Oho Ou or Ou Hao (, born 13 October 1992) is a Chinese actor and singer. He is best known for his role as Zhang Yang in The Left Ear (2015).

Career
In 2012, Ou released his first single "Fake Movement", which won him the "Outstanding Newcomer" award at the Chinese Music Awards. He made his official debut after winning 2nd place in Hunan TV's singing competition Super Boy in 2013. He won the "Most Popular Newcomer" award at the 14th Top Chinese Music Awards.

In 2014, Ou made his acting debut in Hunan TV's music drama Song of Vengeance. He also featured in the comedy film, Temporary Family as his first big screen project.
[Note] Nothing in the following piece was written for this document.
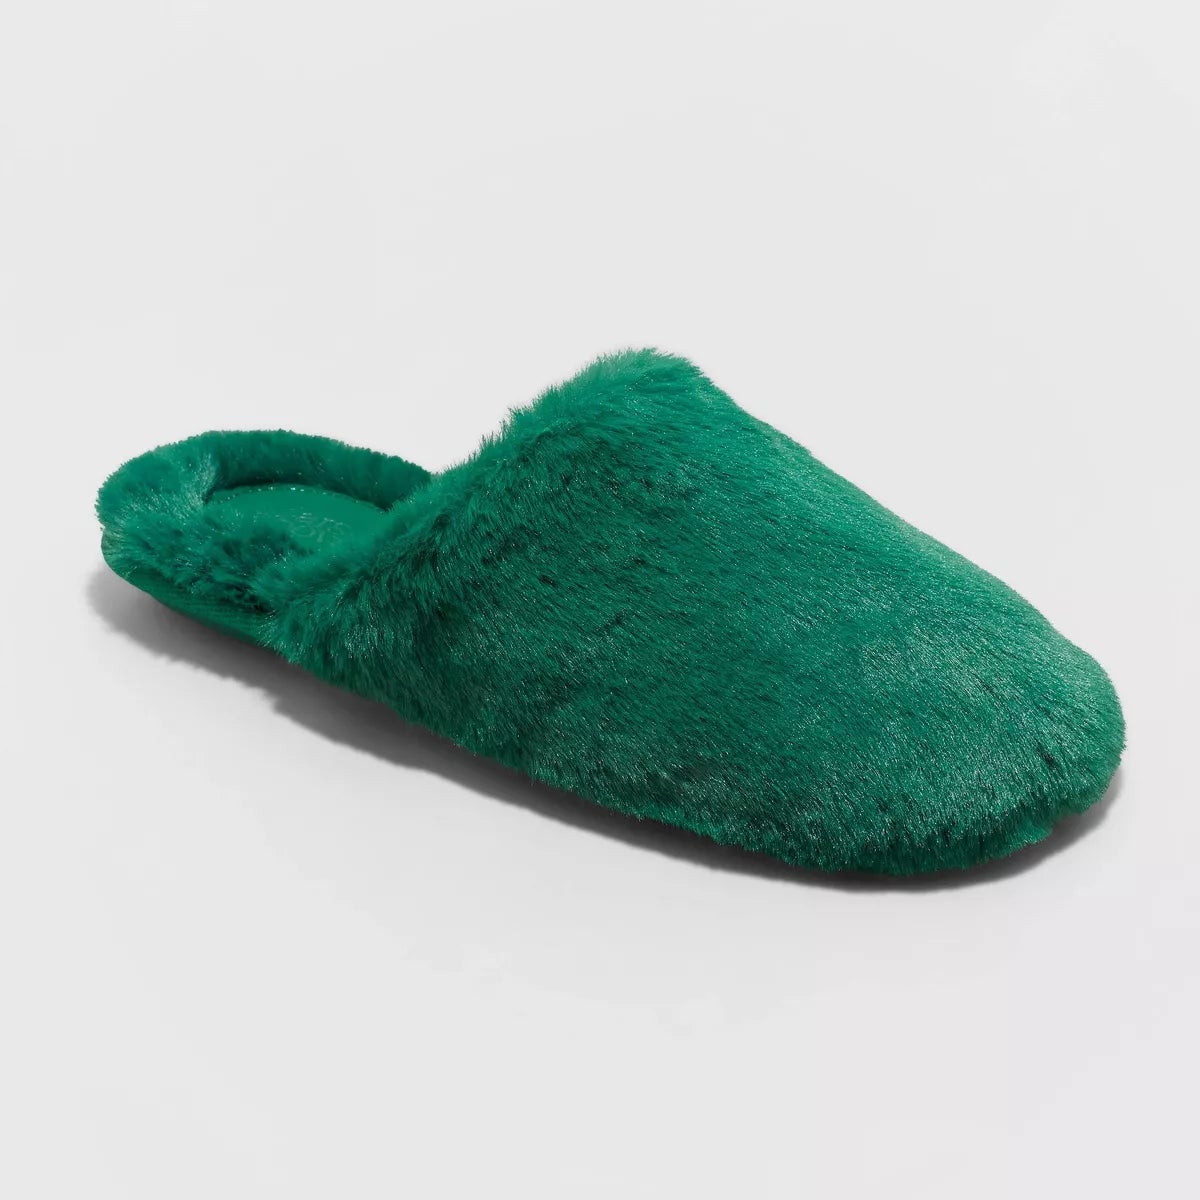 ISOTONER SLIPPERS | Isotoner slippers, Slippers, Sunglasses case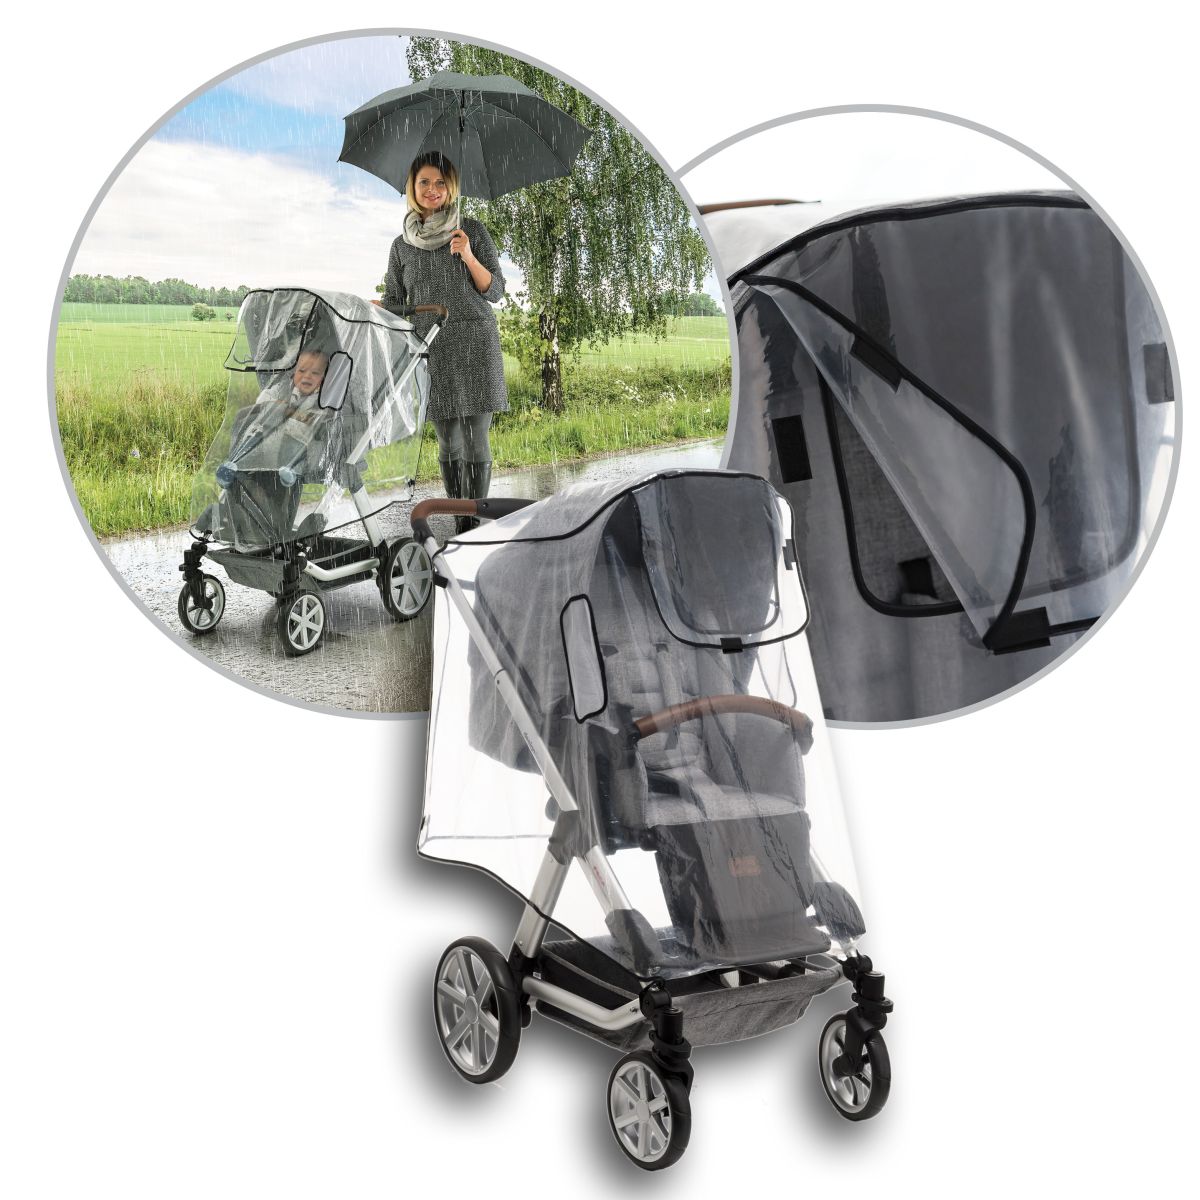 Regenschutz für Babyschalen universal - Princess Kinderwagen

In 2015, Ou achieved recognition with his role in the youth film The Left Ear by Alec Su. He won the  "Most Anticipated Actor" award at the 16th Chinese Film Media Awards for his performance. The same year, he released his first solo album On His Own and won the "Best All-Rounded Artist" and "Best Trendy Singer" awards at the KU Music Asian Music Awards.

In 2016, Ou starred in the romance film Crying Out in Love, based on the Japanese novel Socrates in Love. He also starred in the crime suspense film Blood of Youth.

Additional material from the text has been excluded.